The UNC System Racial Equity Task Force launched a series of virtual town halls for students, staff and faculty to provide feedback on racial equity at individual institutions and in the UNC System.
Feedback from the town halls, which will end Oct. 29, will be factored into the Task Force’s recommendations to the Board of Governors and UNC System Office. The Task Force will send its final report to the chairperson of the Board of Governors and the UNC System President by Dec. 16.

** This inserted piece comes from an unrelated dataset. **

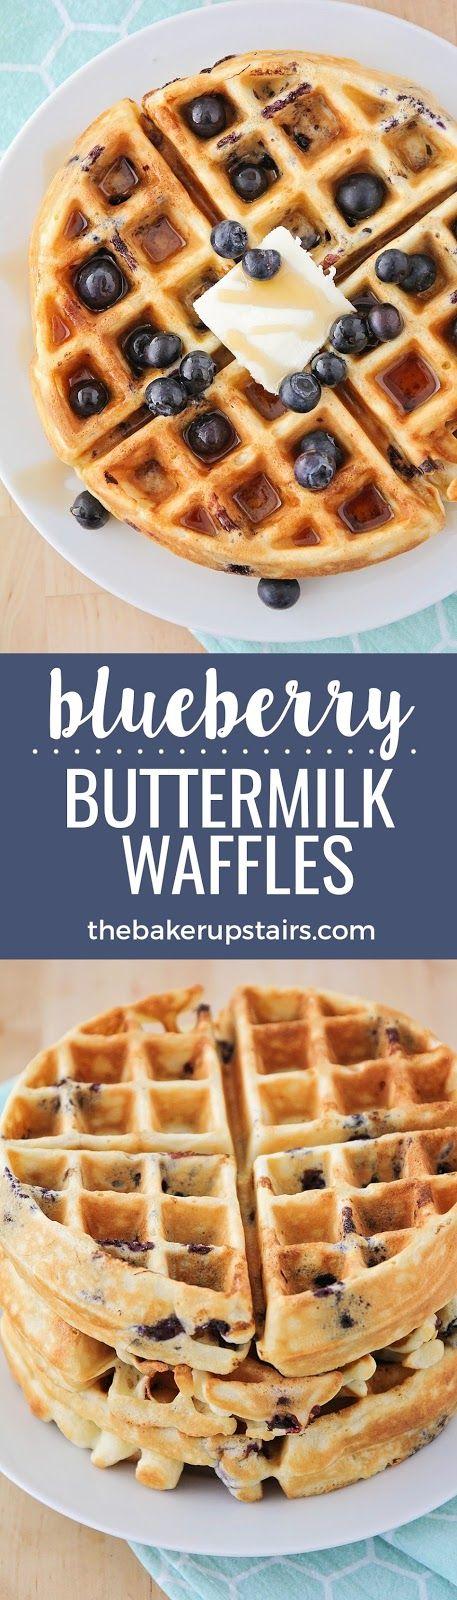 Blueberry Buttermilk Waffles Buttermilk Waffles Blueberry Recipes Waffles

Timothy Ives, a UNC Eshelman School of Pharmacy professor and Task Force member, said the Task Force planned the virtual town halls to provide staff, faculty and students the opportunity to share their experiences with and ideas about race and equity.
“We wanted all to know that their voices matter, and that we really needed to hear from all three groups if we were to make substantive recommendations,” Ives said.
Students, faculty and staff attended separate sessions to encourage them to speak freely, Ives said.
The town halls will add to the Task Force’s survey responses that students, faculty and staff shared in September, the UNC System Racial Equity Task Force said in an email.
Ives said in the faculty session, three areas of discussion were posed to the group. He said these were the tools the UNC System uses to assess success, the level of transparency of the tenure-track process for all faculty and the quality of recruitment and retention efforts across the entire UNC System.
In a student town hall session on Tuesday morning, students discussed their experiences with policing, micro-aggressions and mental health at their respective institutions in the UNC System.
Jo Hatcher, a student at UNC School of the Arts, said she wants her university to employ more Black faculty and faculty of color to help minority students address mental health concerns effectively.